Wednesday, November 16, 2022

1982 @ 40: TENEBRAE

Bestselling whodunnit writer Peter Neal travels to Rome for a promotional tour of his latest thriller, Tenebrae. It's not just interviews and signings, though. He's barely landed before a series of murders starts in which the killer leaves notes for him, quoting his work, effectively calling him the inspiration for the killings. Detectives is on the case but Peter, himself, has his own ideas and quietly begins his own investigation. Is it the weirdly bent journalist, his frenzied fiancĂ©, a member of the  of the LGBTQ+ community in Rome making a point? All shall be revealed (but not in this post).

While the first twenty minutes of this entry into Argento's giallo cinema can feel a little cramped and awkward, once it gets into second and hits the road it's one of his tightest and effective thrillers. There are plenty of stunning camera moves like the survey around the house that is part stalker and part supernaturally powered killer or some of the breathtaking murder scenes. Goblin's score veers between ethereality and the nasty end of prog and is always welcome in an Argento joint.

International stars Anthony Franciosa as the urbane, ratpack style author works a treat as does John Saxon, playing against his B-movie action single-cell dimensions to comic effect. Argento's partner in life and writing Daria Nicolodi, so welcome on screen in Deep Red, provides most of the ethical gravitas to proceedings. My favourite of the cast has to be Guiliano Gemma as Detective Germani who reads libraries of thrillers but never guesses the killer. He is the end of a long line of Argento cops who steal all their scenes from Crystal Plumage on.

I always forget the strange, dreamlike sequences of the woman on the beach with the teen boys. There is a creeping unease beneath its beauty that recalls filmmakers far further to the margins than Argento, like Zulawski, Pasolini or even Jodorowsky. There are two of them, both mixing a brooding sexuality with sudden violence, and their appearance is always arresting by both their progress and the interruption to the more muscular giallo style of the rest of the film. They are centrally relevant to the plot but it won't be apparent as to why until the end and it is so difficult to attribute them to a character that they become more compelling than the murder mystery. It's as thought the film itself is daydreaming a kind of pleasant version of the movie until brought back by violence it cannot mask.

Another aspect that strikes me about this one is that the sensationalism in the treatment of LGBTQ+ people is kept to the novel of the title and the mind of one of the characters. It is not normalised; the jealousy mind games between the lesbian couple are not played for laughs and their sexuality is only the cause of their slaying by a figure whose savagery prevents empathy. This is not unusual in Argento's work but the beige naturalism of the depiction feels pleasant from an era where even edgy comedy played on stereotypes.

Dario Argento was still on a career high at the beginning of the '80s and it would continue for years more before the following decade's patchiness threatened to soften his name (see also John Carpenter and George Romero, just quietly).  While Suspiria before it and Opera after featured more eyepopping violence the kills here are in character with a murderer making statements.
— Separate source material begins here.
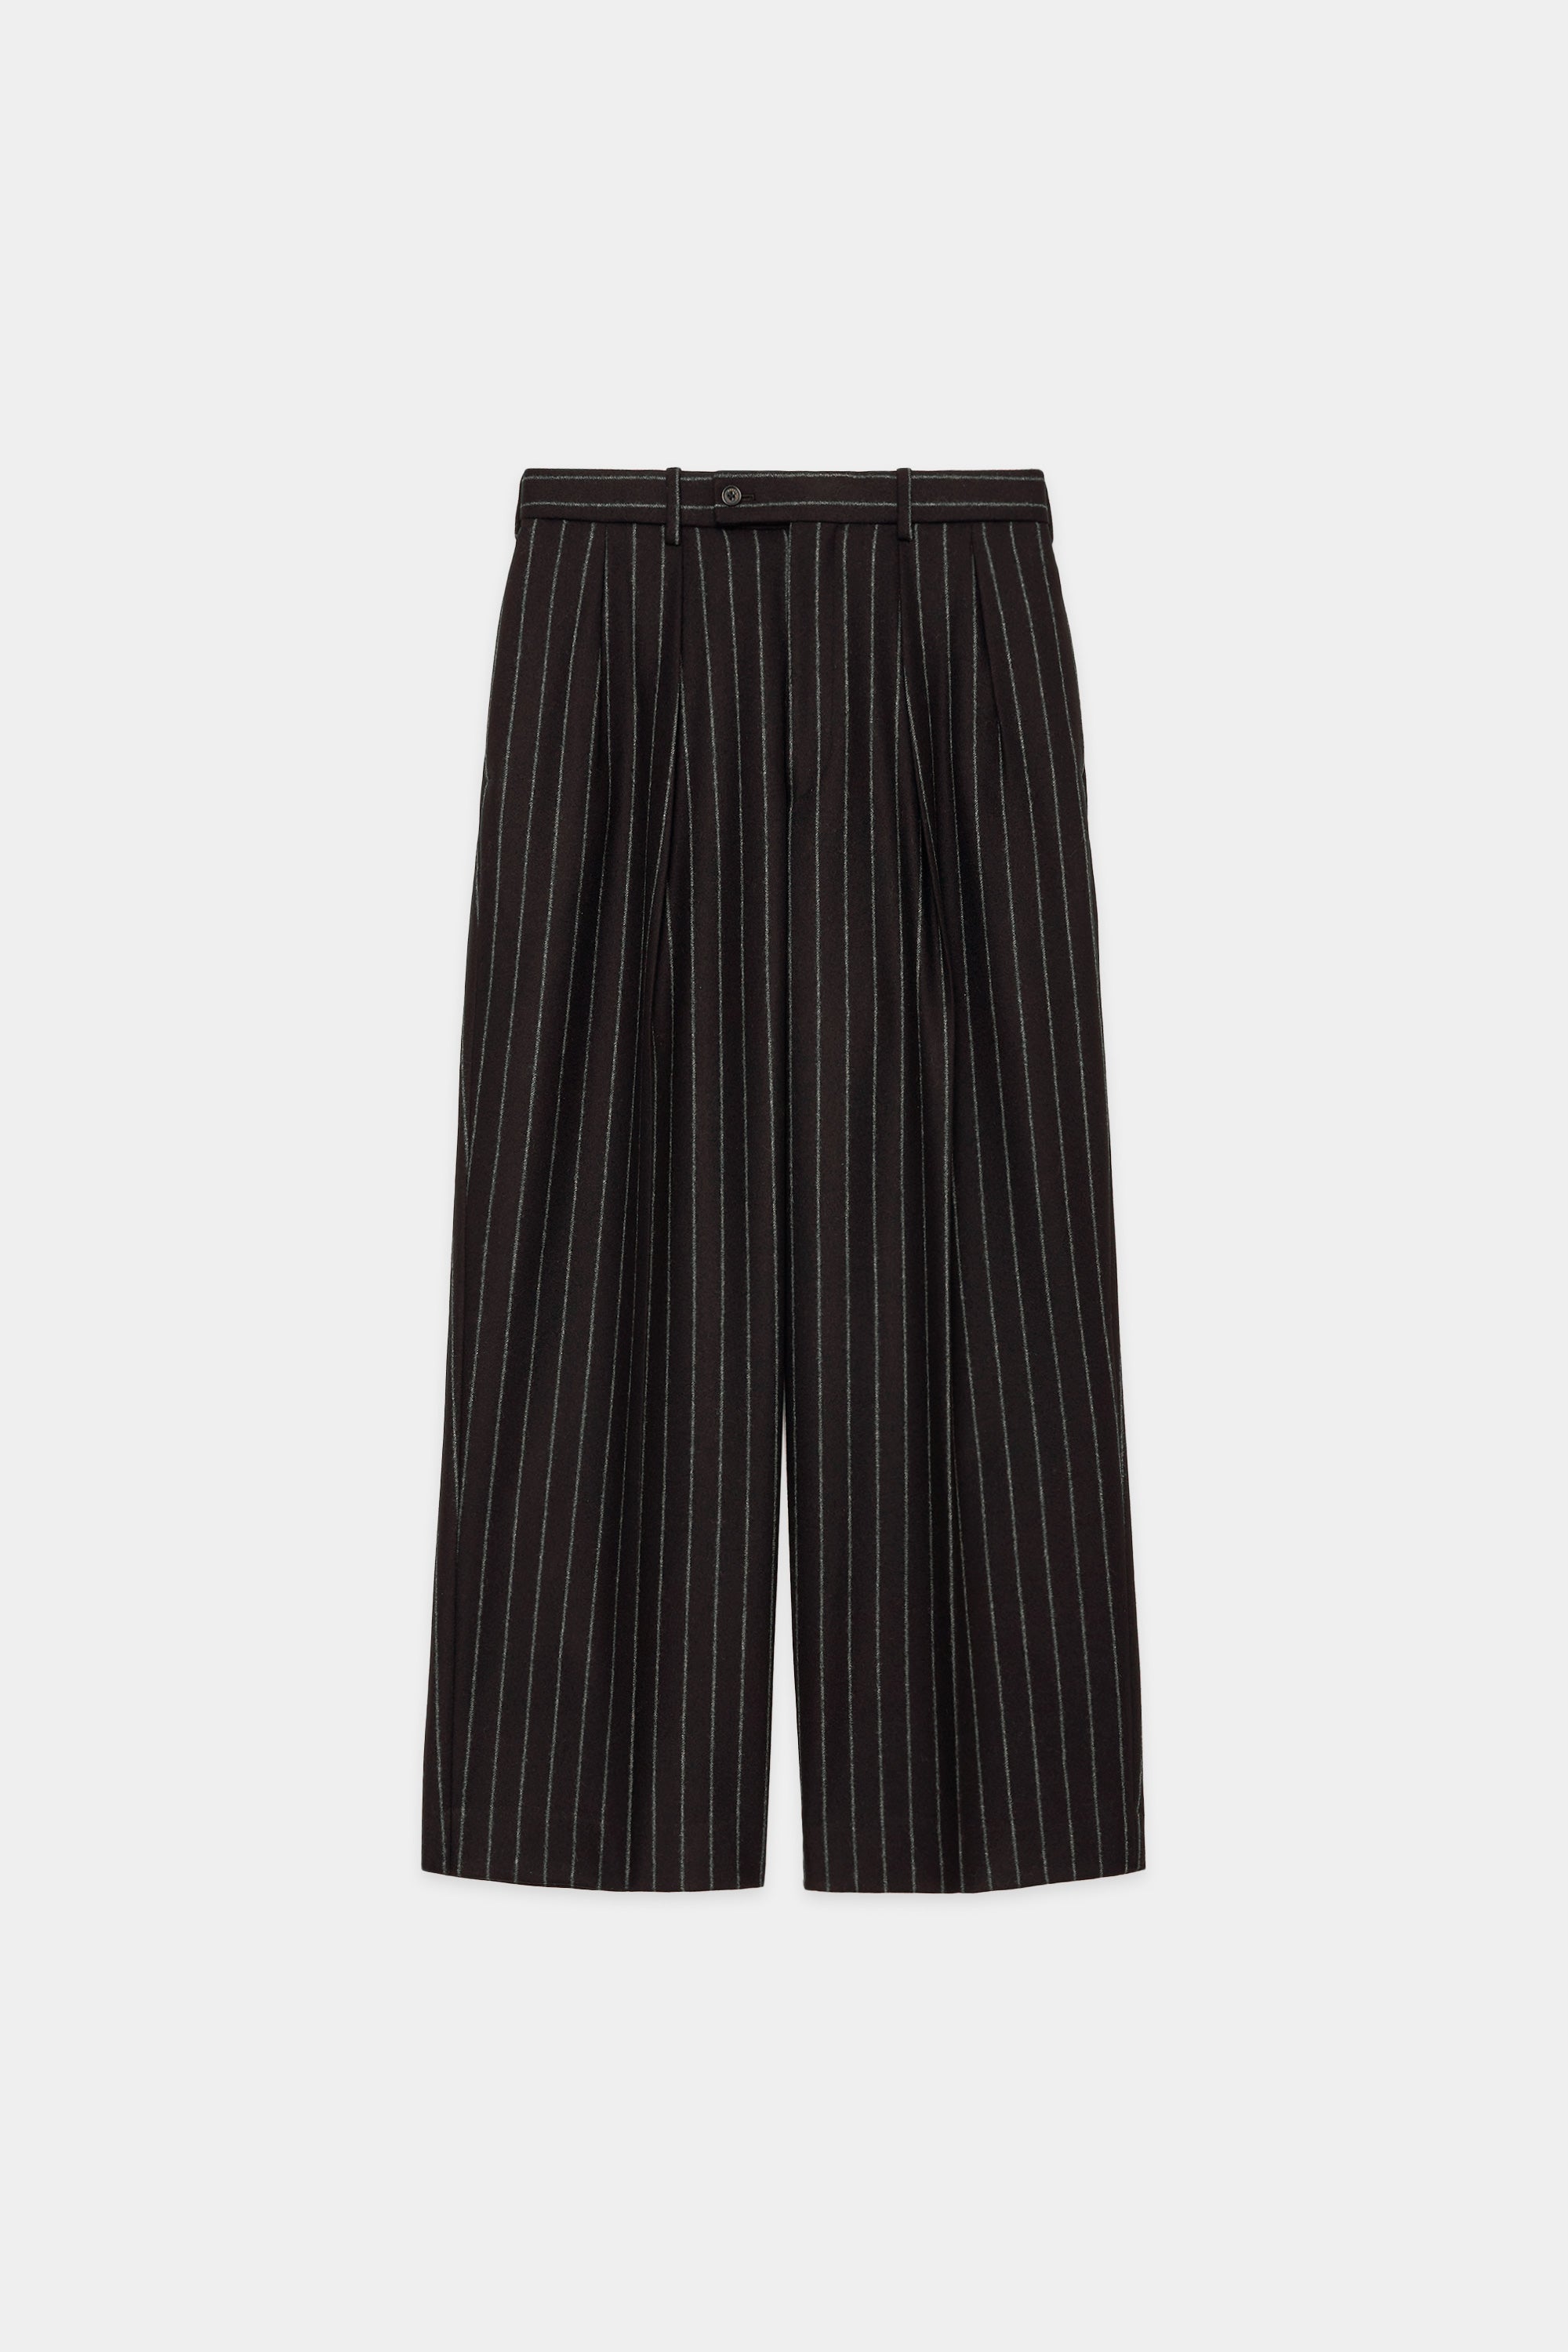 ORGANIC WOOL FLANNEL DOUBLE PLEATED TROUSERS, Brown Stripe

The double murder of the two women and then the startling noonday sun in the piazza slaying are as crafty as anything he has done.
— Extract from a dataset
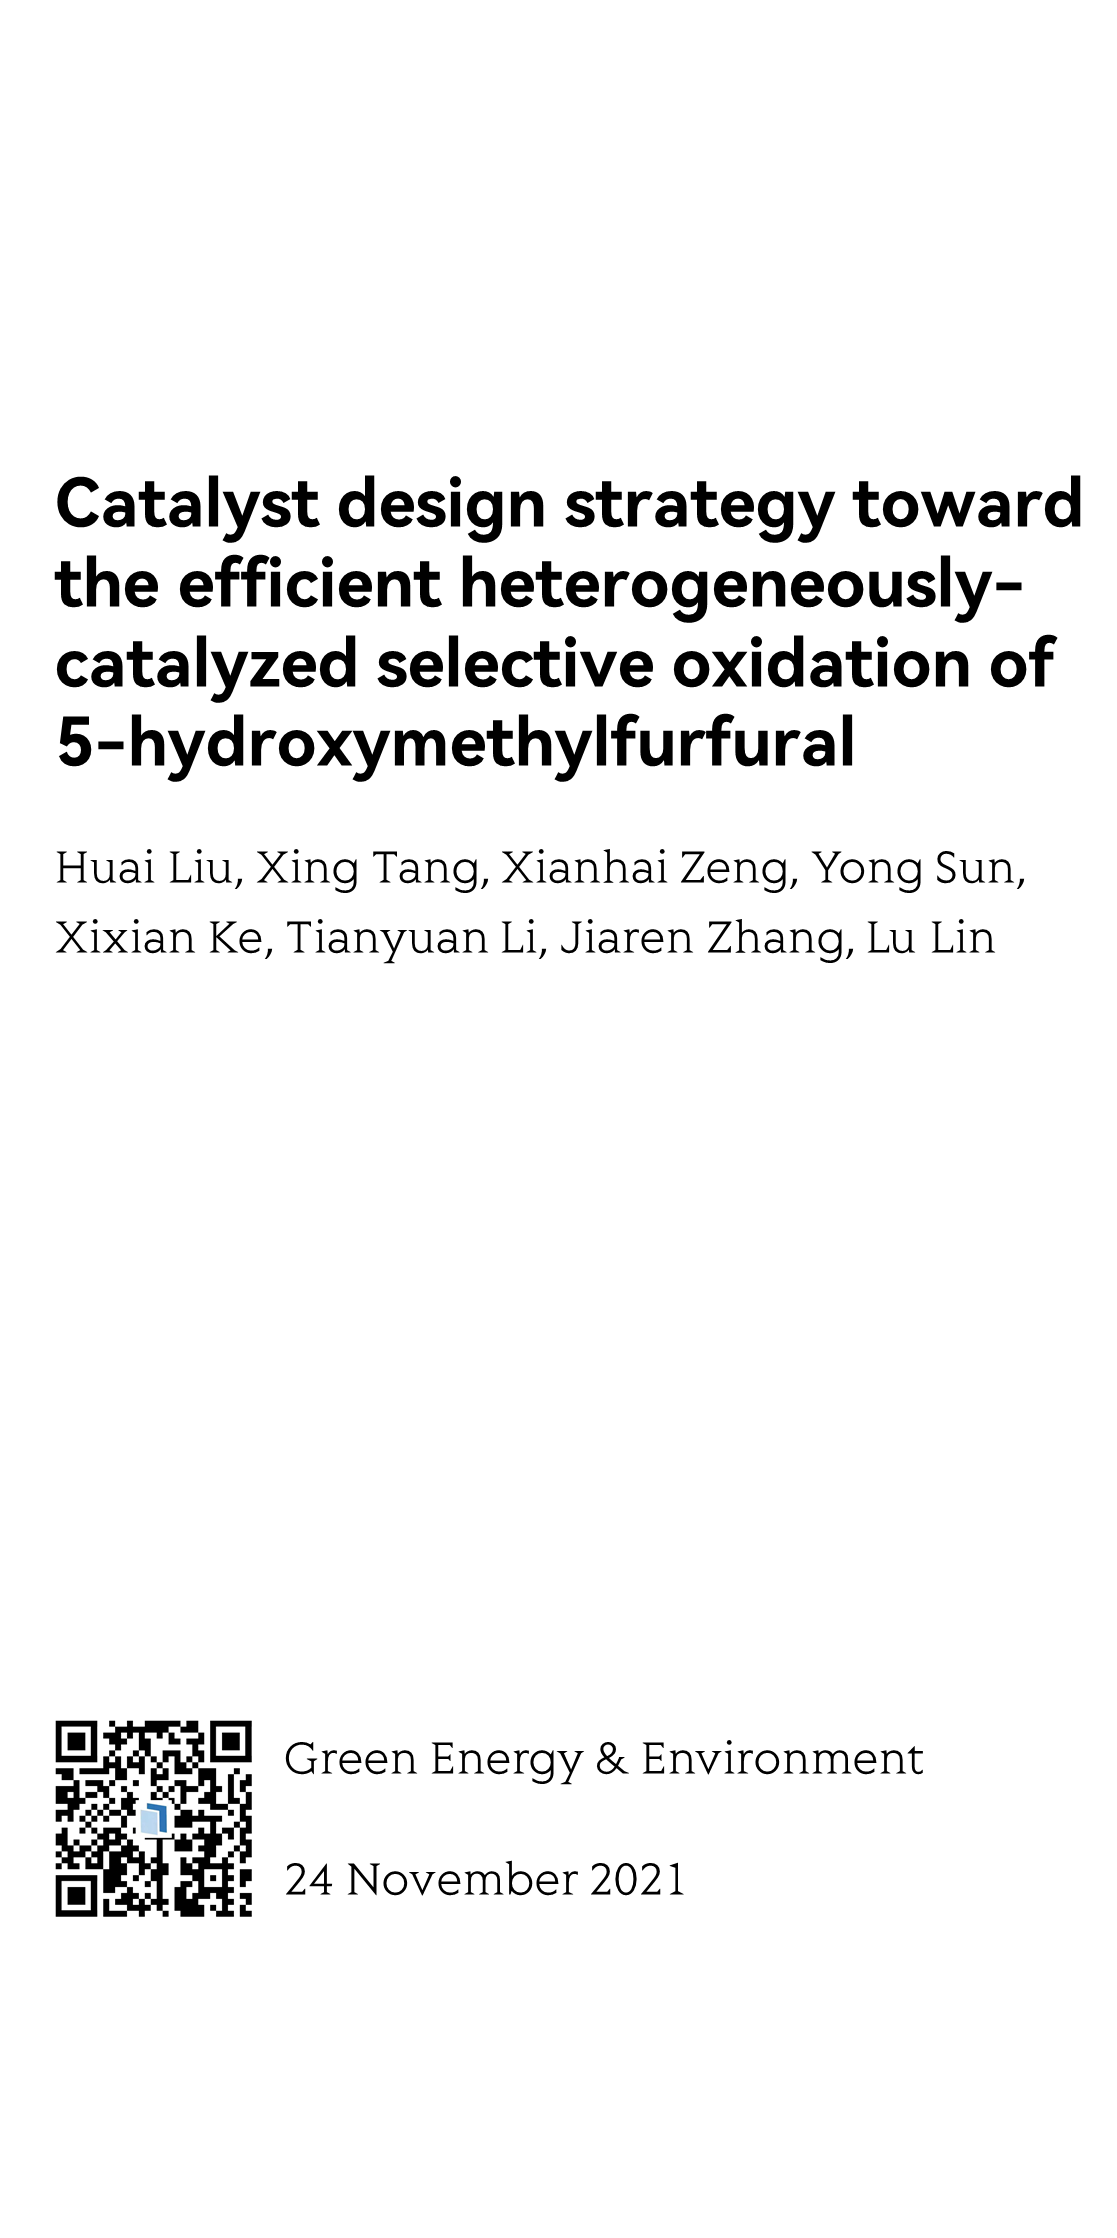 Catalyst design strategy toward the efficient heterogeneously-catalyzed selective oxidation of 5-hydroxymethylfurfural_1

If Argento has muddied his own waters with later works, to my mind we can still keep the room we've made for him on reservation for all the stunners he brought to the genre which levitated its bar and kept the genre in the realm of great style. If I chose this film for a rewatch it's always as a casual pick but it always ends up reminding me of how compelling it gets, how soon and with what mastery. It wasn't the last time Argento made all of this work so fluently but it's still one of the best.